# Domestic Treadle sewing machine HELP NEEDED!



## BamaSuzy (May 10, 2002)

Today I received a beautiful Domestic treadle sewing machine, serial 2032456. The last patent date on it is May 16, 1876. It is a beautiful machine in an ornate cabinet, and appears to have all its attachments, etc. I've found one site that had a manual which I printed out. Everything seems to be the same EXCEPT on the top of the machine the tension screw is just a round thing about the size of a nickel and about one half inch tall...on one said is a printed "L" and the other side a printed "H" (I think)...so I'm not sure how to thread this machine. This tension thingie is just to the left of the thread spool holder and is about in the middle of the top of the machine. 
I have spent hours on the internet this afternoon and have found no photo or picture that has a Domestic treadle machine that has the tension thing like this.
I have gone to all sorts of sight.
Do you know of any site that would help me that I might not have found? or anywhere I could call for help with this?
I have typed in the serial number, and all sorts of things about the machine into search engines but have not found one exactly like this. I want to USE this machine if I can figure out how to thread it...ANY HELP will be appreciated!!!


----------



## BamaSuzy (May 10, 2002)

It is a Domestic D sewing machine and I've finally found one photo with the tension thing in the middle like mine and it sold for $500 on EBAY! But I still don't have a threading diagram! The one manual I printed out has all the other things but doesn't have a tension thing in the middle like mine.


----------



## Ruby (May 10, 2002)

Can you post a picture of your machine?


----------



## BamaSuzy (May 10, 2002)

Ruby I would love to post a photo BUT I don't know how to post a photo here. just figured out how and posted it below


----------



## BamaSuzy (May 10, 2002)

Here's a photo of a machine just like mine. See the tension thing in the middle is a tall cylinder with a space all around it. On one side it says "L" and the other side "T"


----------



## FarmChix (Mar 3, 2013)

http://www.ismacs.net/domestic/threading_the_new_domestic.html

See if this helps


----------



## FarmChix (Mar 3, 2013)

http://www.sewusa.com/Threading_Dia..._threading/Domestic_153_threading_diagram.htm

This one is more close-up


----------



## BamaSuzy (May 10, 2002)

Thank ya'll! A good friend came by my little general store this morning and showed me how to thread it!!! As so as he saw the tension cylinder on the top he figured it out and then we were good to go!!! Now I've got to relearn how to use the bobbin winder, but the one in the manual for the later machine is just like this one so I can use it to refresh my memory! Thanks for the links! I printed them out for reference!!!!


----------



## Chixarecute (Nov 19, 2004)

L...Loosen? T...Tighten?


----------



## Macybaby (Jun 16, 2006)

That is very neat - I've not seen an early Domestic with that type of top tension before.
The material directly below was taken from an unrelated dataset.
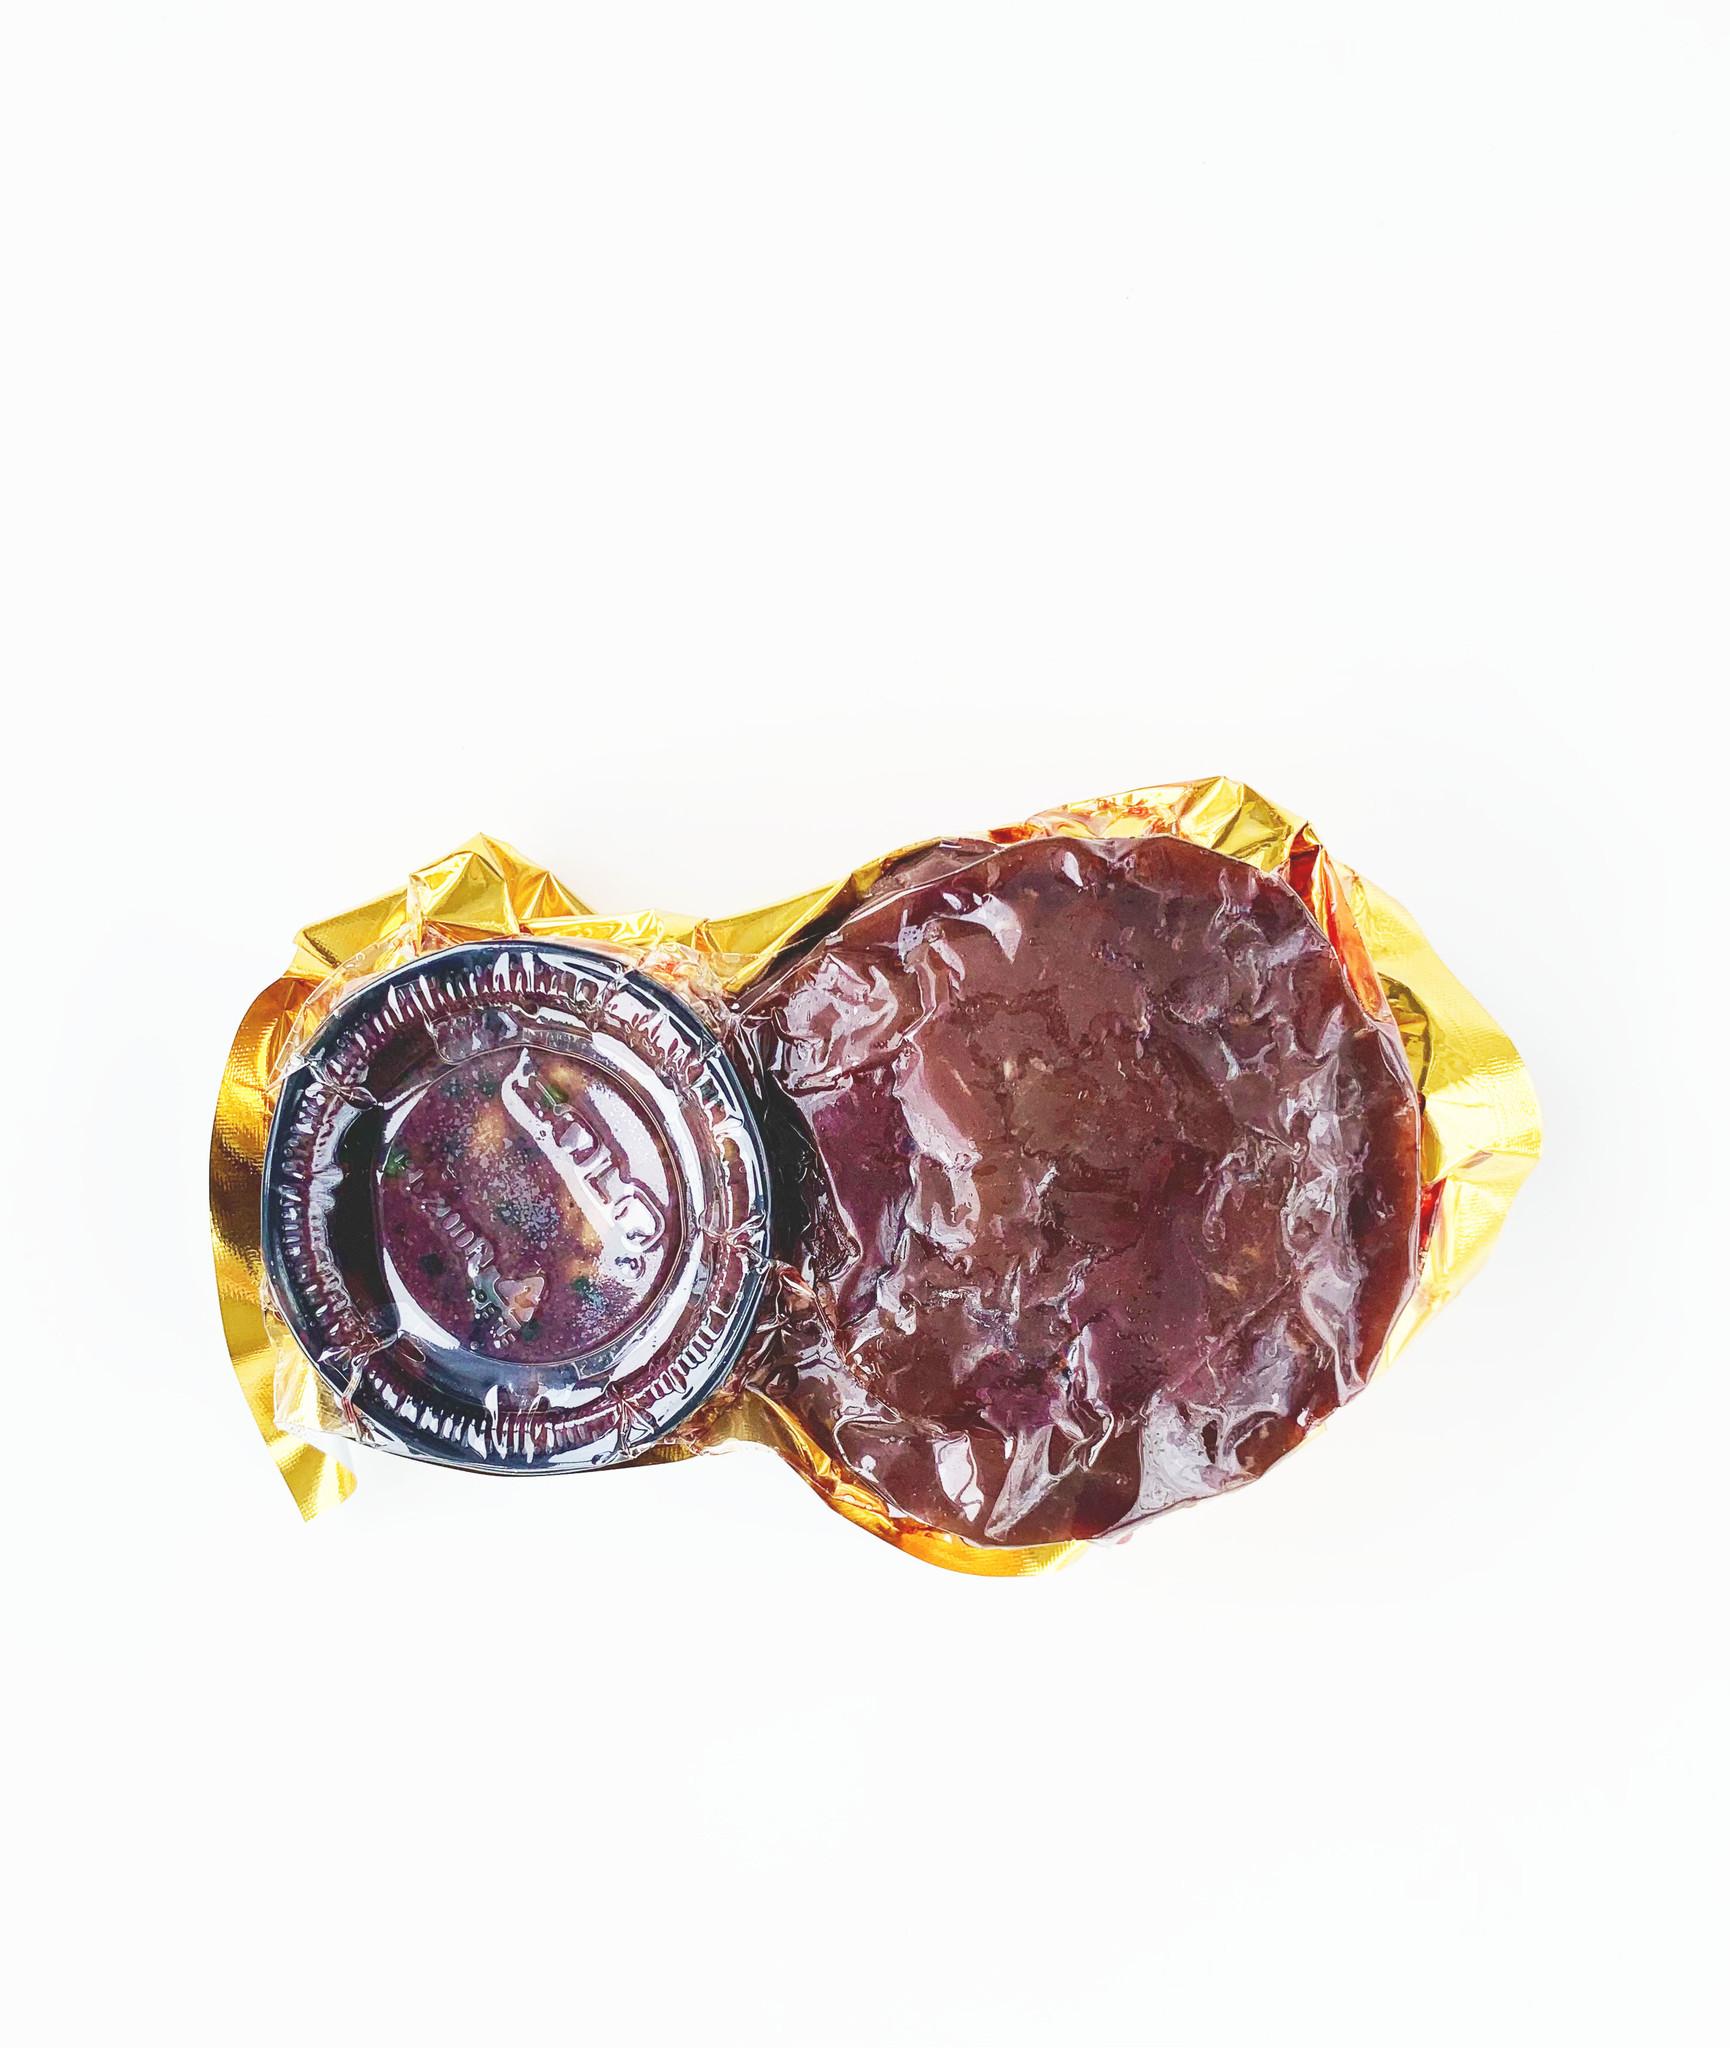 Tartare de cerf boréal aux bleuets & aux graines de tournesol

Domestic got taken over by White in the mid 1920's, so later "Domestic" machines are just like Whites, and nothing like the early Domestic machines. The SEWUSA link shows a manual for a White made machine.
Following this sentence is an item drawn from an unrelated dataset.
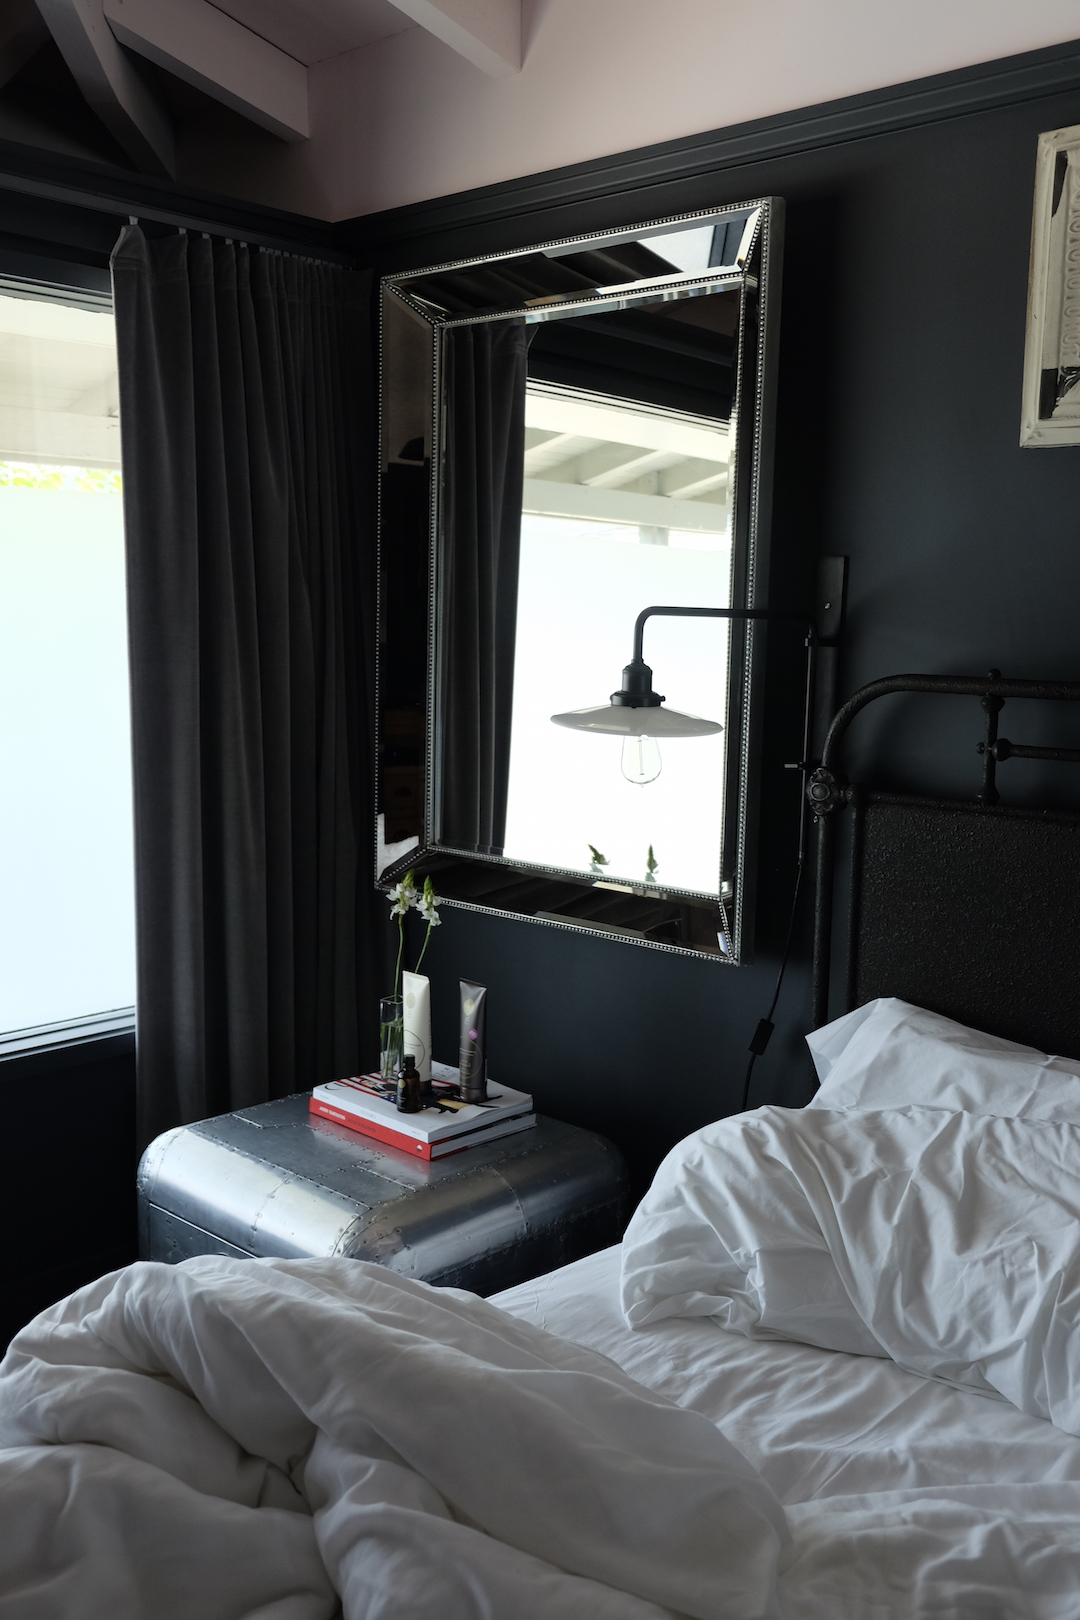 montauk_beachhouse-Hotel_querelles_07

This is my Domestic, it's got a different top tension. There is a "NEW DOMESTIC" machine that is the upgrade and has a front tension like more modern machines have, but the rest looks about the same. I would guess that your "D" is somewhere between the two - as it's got the updated bobbin winder where mine has the older style where you have to hand guide the thread. 
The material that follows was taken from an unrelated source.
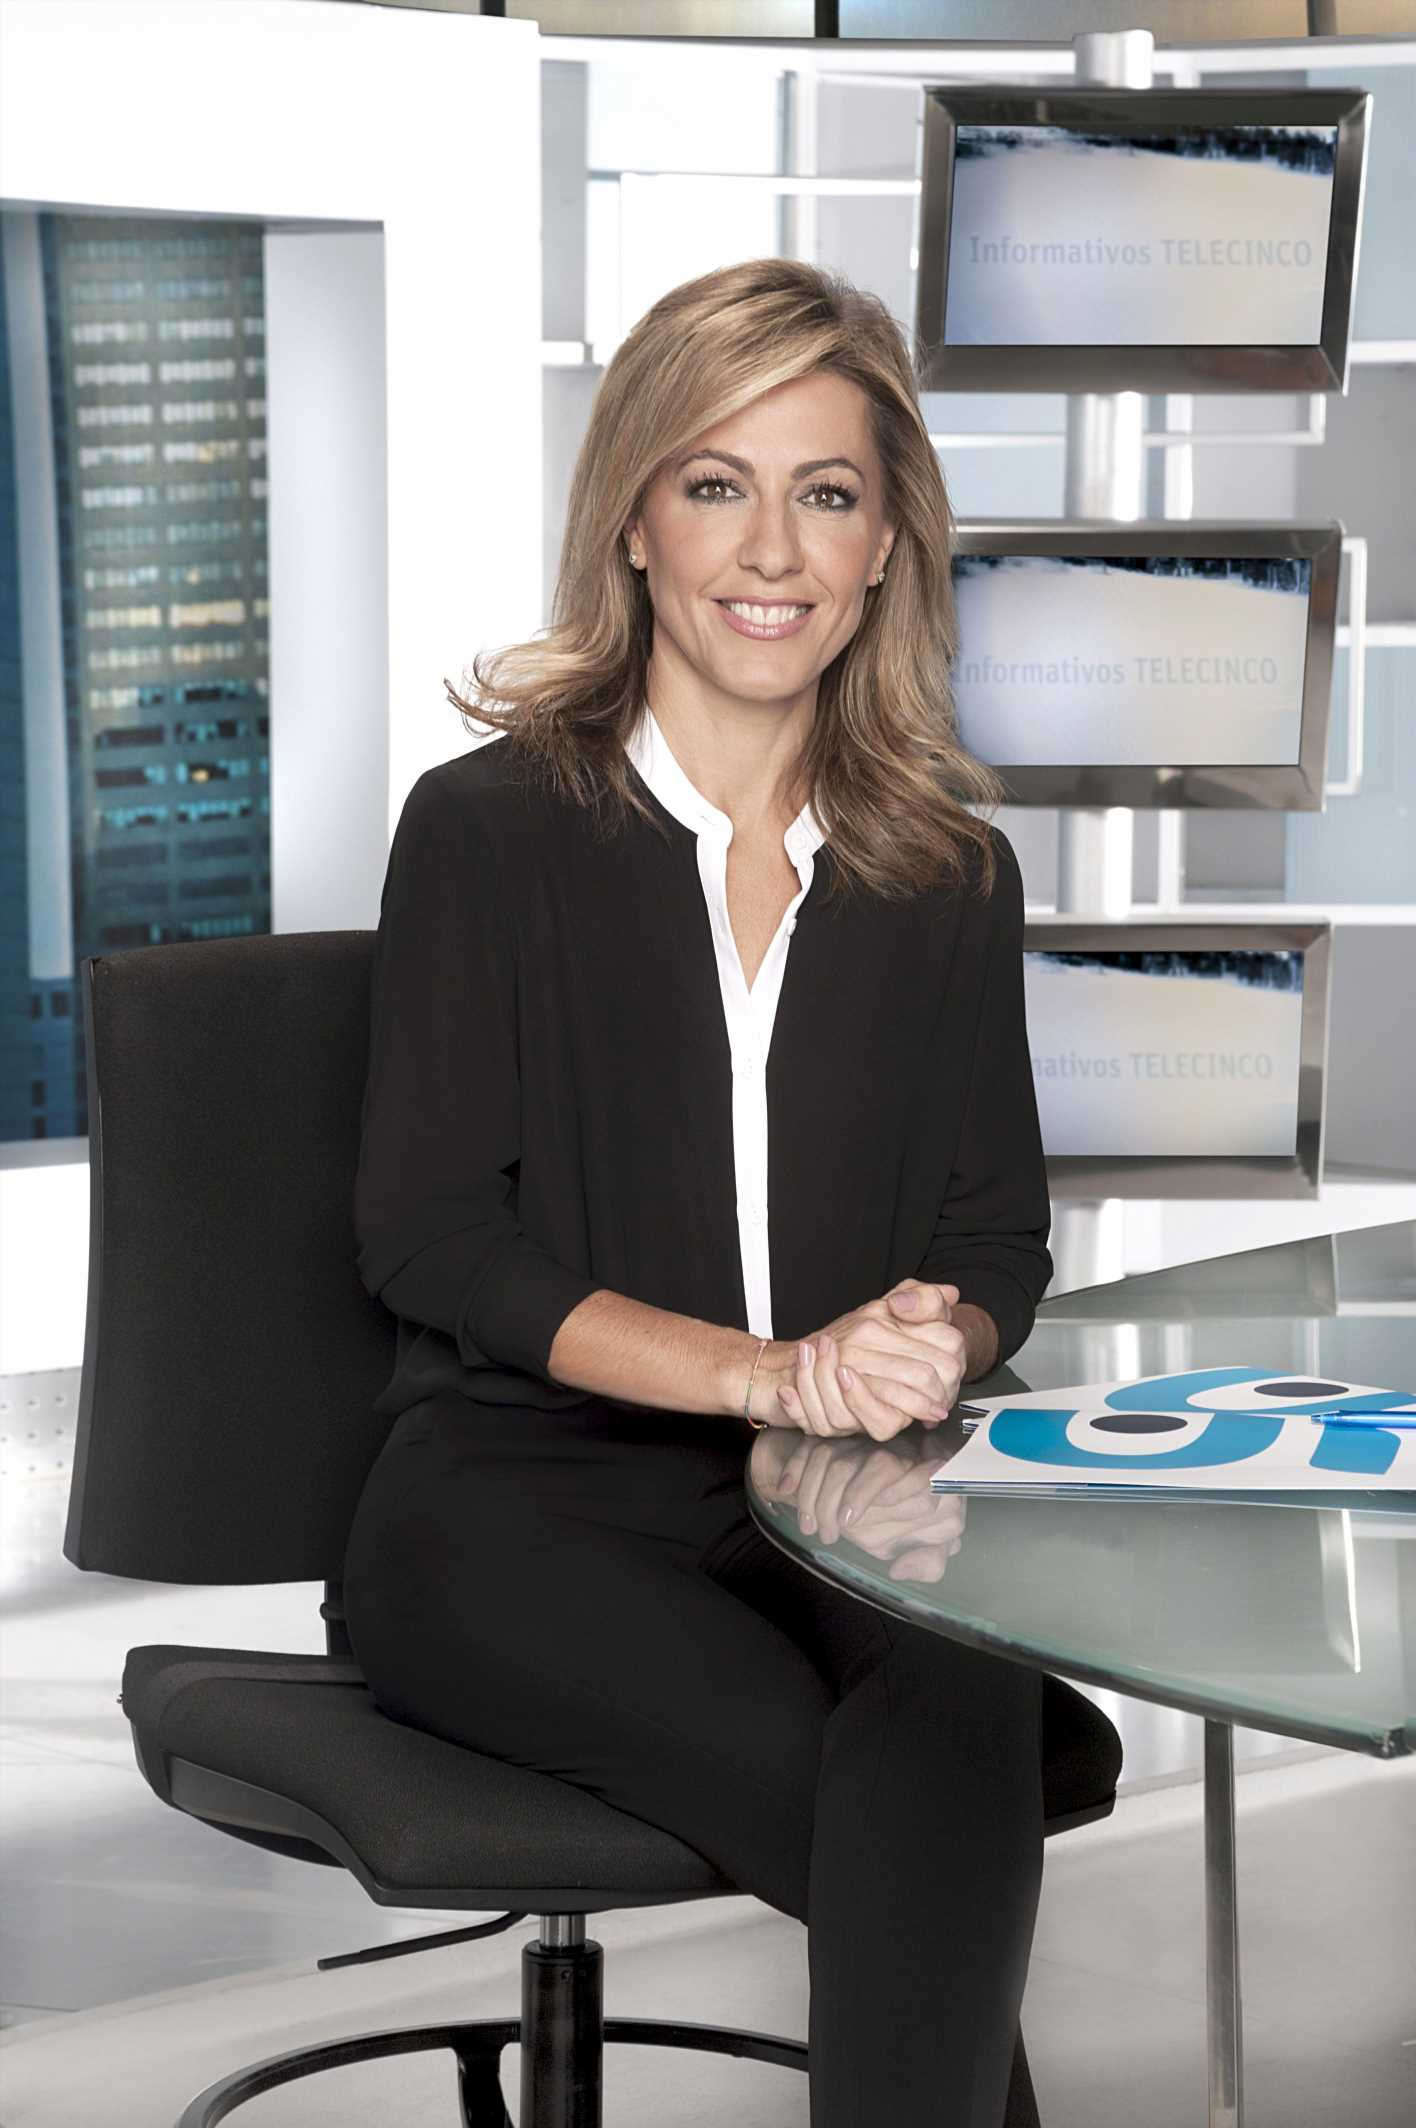 """Ángeles Blanco analiza el último año en 'Informativos Telecinco': """"Los bulos ya existían"""""""

I'm curious - does your machine have the hole in the shuttle carrier like in this picture?


----------



## Macybaby (Jun 16, 2006)

Here is the cabinet










And some of the attachments - I've got lots of extras - and also have an Acme buttonholer that works with it.


----------



## Macybaby (Jun 16, 2006)

I also have a bed mount ruffler - this is one of my favorite machines of my collection.


----------